_Exercise instructions:_ Reproduce the listing below word for word and exclude any picture.

_Material provided:_
-=-=-=-=-
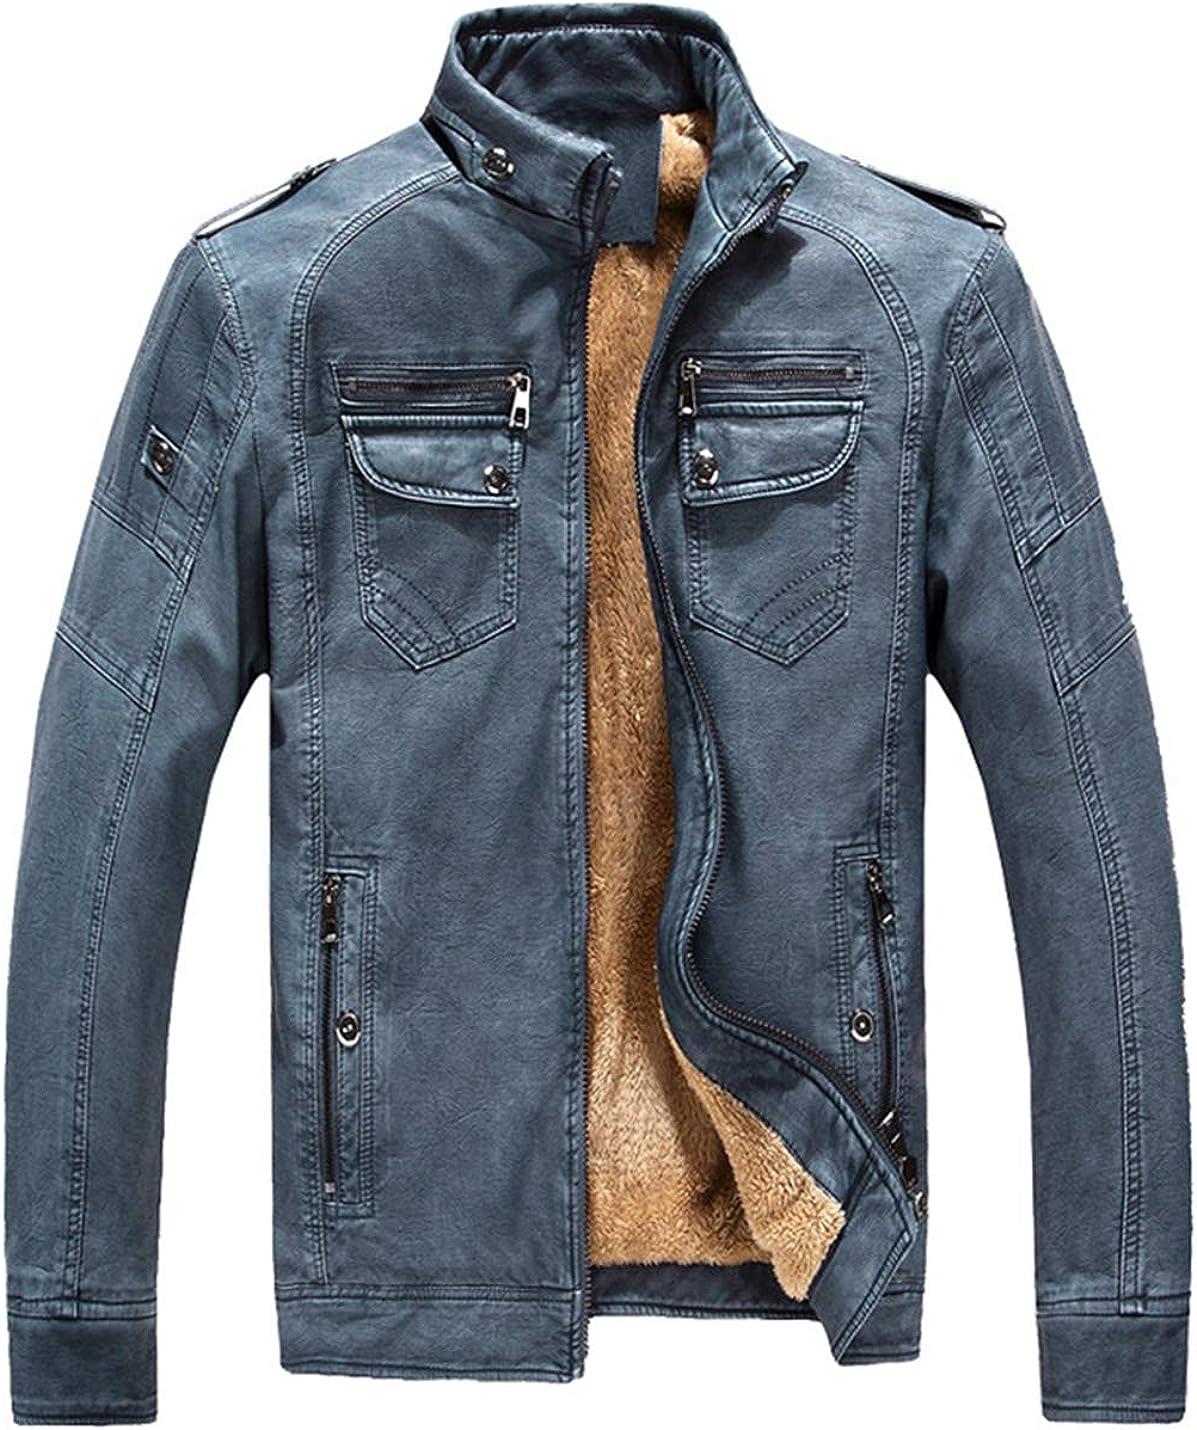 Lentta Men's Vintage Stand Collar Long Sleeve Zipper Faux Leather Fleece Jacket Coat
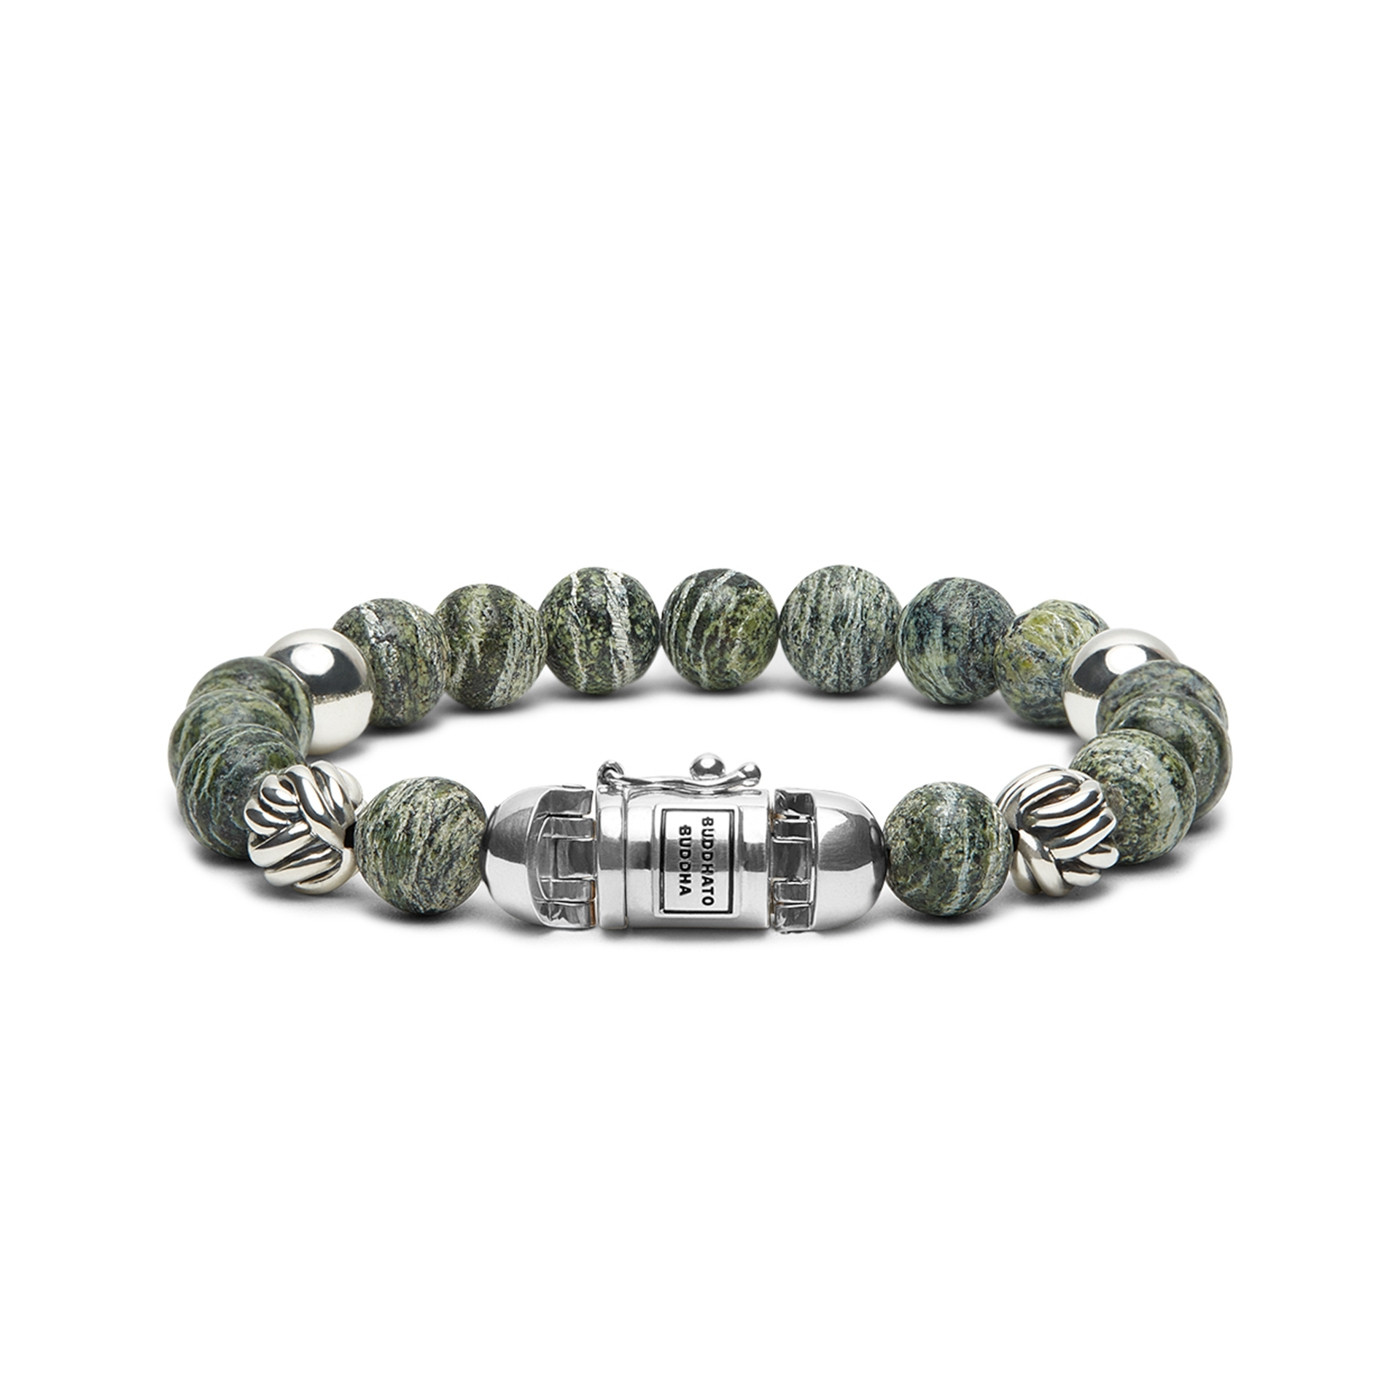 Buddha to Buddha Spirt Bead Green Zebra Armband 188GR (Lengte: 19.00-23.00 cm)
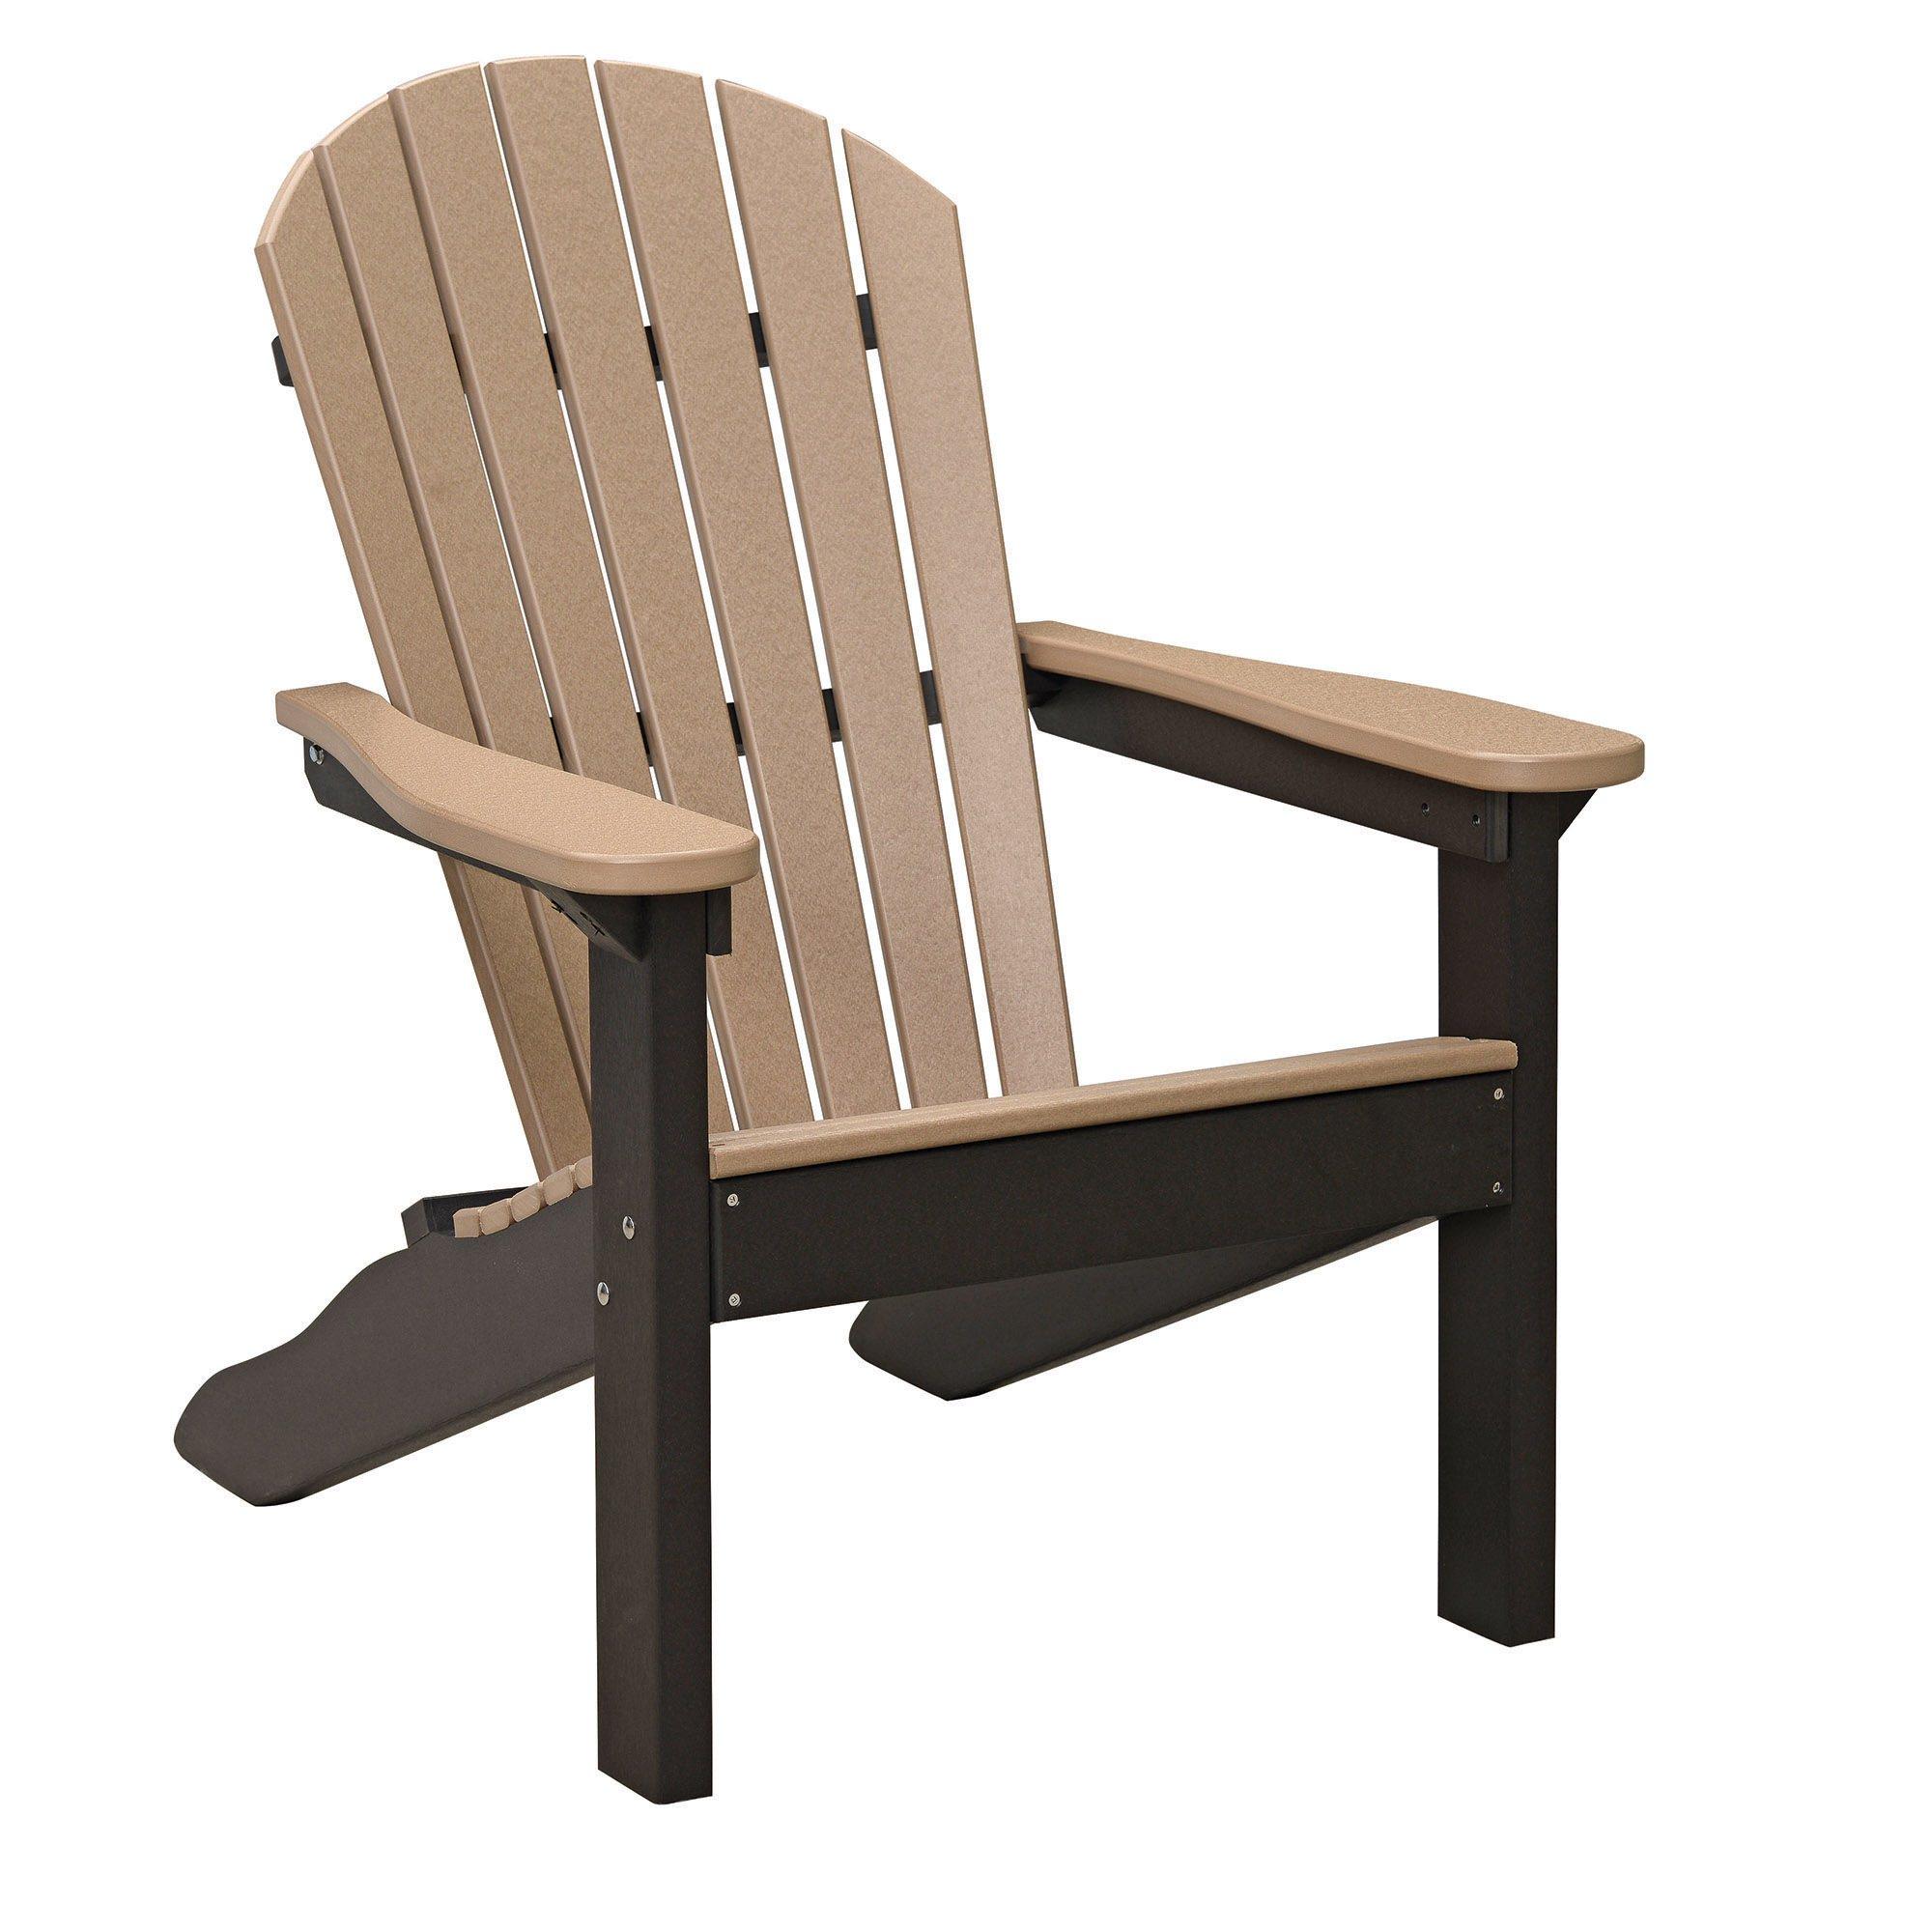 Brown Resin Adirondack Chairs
-=-=-=-=-
_Response to the task:_
 Lentta Men's Vintage Stand Collar Long Sleeve Zipper Faux Leather Fleece Jacket Coat
 Buddha to Buddha Spirt Bead Green Zebra Armband 188GR (Lengte: 19.00-23.00 cm)
 Brown Resin Adirondack Chairs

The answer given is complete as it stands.